Halloween Humpday: Murder on the Roof

I know my Humpday stories sound far-fetched, but at the moment, it’s easier to rely on memories than to think up stuff.

After reading Marfi’s Halloween Humpday post and the comments to her post, I recalled a Halloween-type episode that happened when I pulled a gig as a licensed practical nurse at an old folks’ home.

During that time, I worked the night shift. On some warm nights, crows would perch on the roof. I didn’t give this much thought until one night, more said birds than usual sat on the roof. Far from being settled, some flapped their wings as if trying to find a comfortable spot. As though not wishing to overlook any clues that signaled a  feathery party would erupt at any second, others seemed quite alert to what their buddies were doing.  Though not perched wing to wing, each crow seemed strongly aware of how much space existed between himself and a fellow squatter. The travelers clearly wanted to keep a respectable distance from each other, but not one had any  intention  of giving up his selected spot.

“What’s gotten into those birds?” I noted the murder emitted a veil of electricity.

Having driven me to the job, JH answered, “They can smell death. Probably one of those old jokers in there is about to become a stiff.”

Despite my attempt to shrug off JH’s version of why the roof became a temporary layover for the crows, the explanation stayed with me.  I soon noticed the number of crows on the roof increased if a resident tottered on Death’s threshold. If one or two crows hung about, then nothing out of the ordinary would happen.  Four or more crows, however, guaranteed The Grim Reaper would make a pit stop at the nursing home within a week. Eventually, I regarded the connection  between crows and Death as a matter of course.

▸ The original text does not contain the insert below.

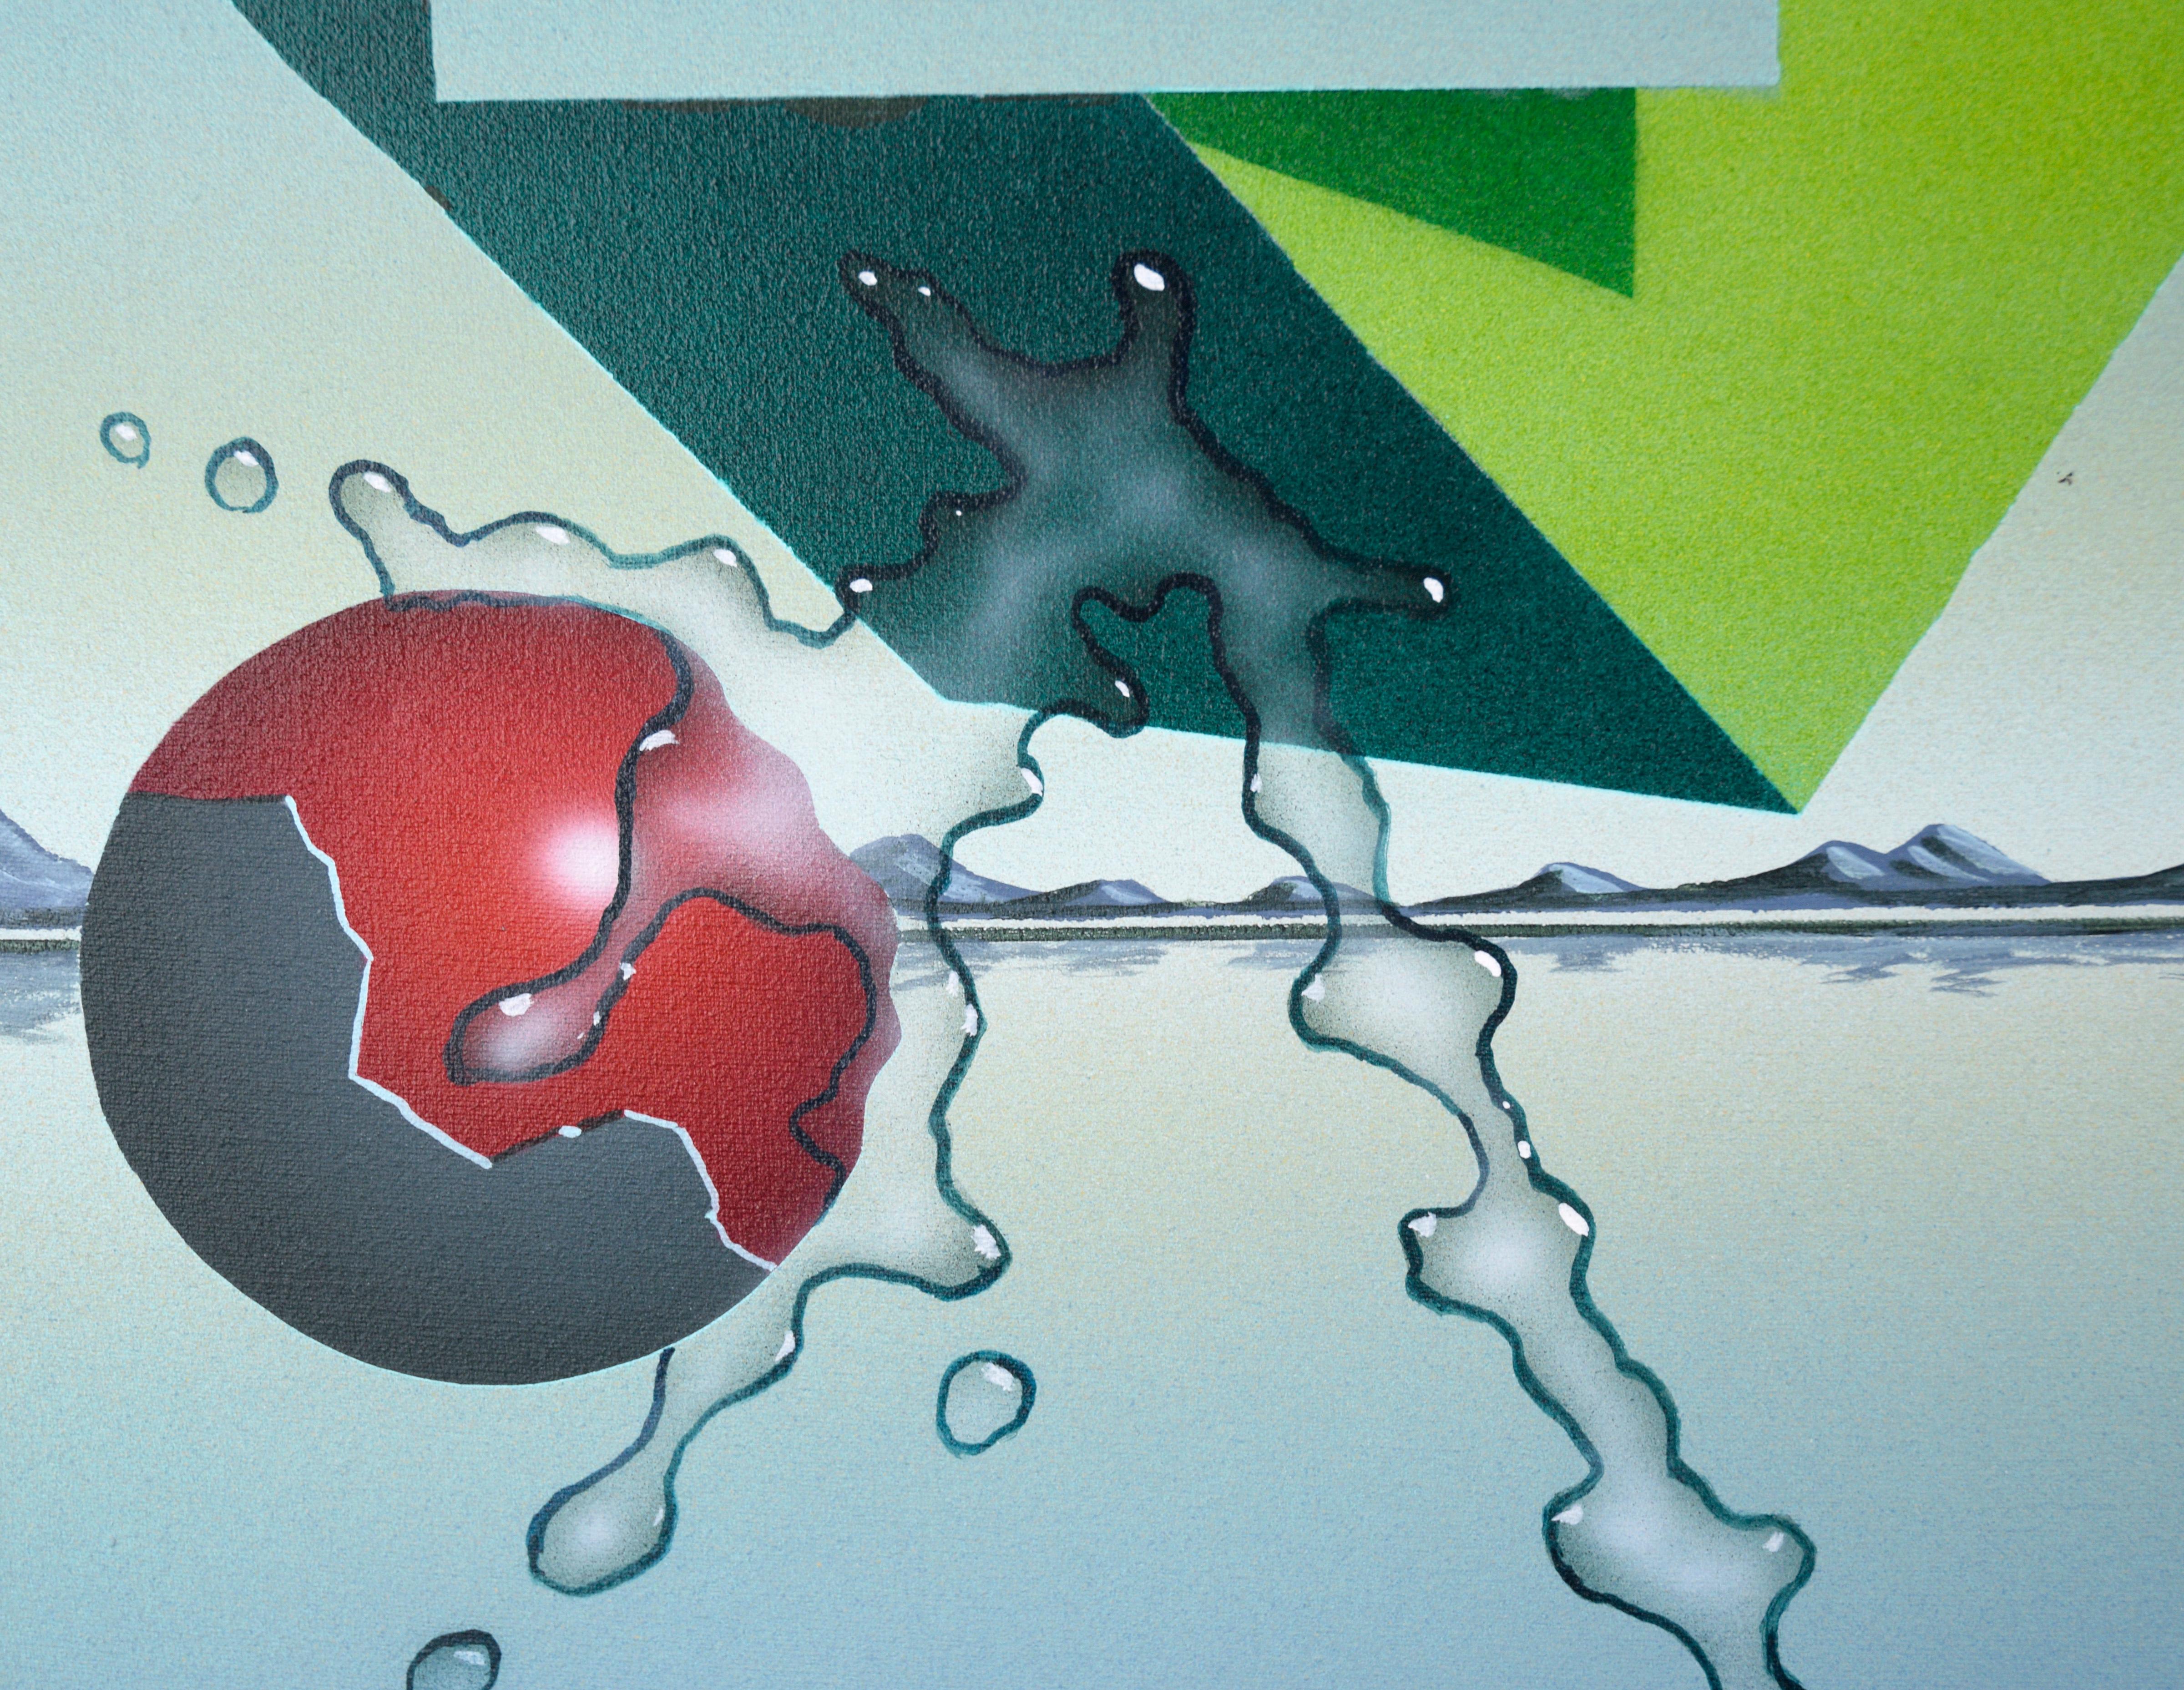 Sphères et cubes géométriques - Paysage surréaliste en acrylique sur toile

Paysage surréaliste lumineux et vivant de Randy Dunham (américain, né en 1961). Six sphères flottent au-dessus d'un paysage minimaliste composé de montagnes et d'une étendue

That was some years ago. In accordance to the blessings of the Universe, I no longer work as a nurse in a facility where people no  longer remember anything except their hatred for any ethnicity that differs from their own. For all I know, crows may  or may not continue to predict death with noteworthy accuracy.


3 responses to “Halloween Humpday: Murder on the Roof

  1. Oh!
    How incredibly creepy!
    And sad too…I’ve read that crows and ravens do see death approaching & that
    Ravens are called Abu Zahjir ‘father of omens’ because they could detect decay way before the person died.

    Thank you for posting my friend:)
    Don’t forget I need your address so I can send you a crystal

  2. I don’t find your story far fetched at all. We’ve got our own crow link with death story in our family. It’s said a crow flies over and calls your name when it’s near your time to die. My gran told us she’d died soon because she’d heard the crow call her and wanted to let us know which hymns she wanted sung etc at her funeral. My mum got quite annoyed and told her not to be so morbid. My gran died the next day. At her funeral I was telling the tale to a family member I’d not seen for ages. She went white and said the exact same thing had happen with her gran (my grans sister) but they’d not told anyone because it seemed too weird.

    There are some very old tales that crows and ravens pass between this life and beyond carrying souls of the departed with them.

    Happy Haunted Humpday
    J x

  3. Lady Marfi and Lady J, I am so pleased that you both stopped by. I do agree that crows can smell death as people can predict when people are on Death’s threshold. My brother has been through 3 relatives’ dying. After the first died, my brother said, “I know the signs. I see the signs.” just before the Reaper came for the other two.My brother is a Capricorn, a sign, I believe, that is governed by Saturn, which is associated with Death. He has become the caretaker of the dead in our immediate family because he has the strength to deal with the paperwork.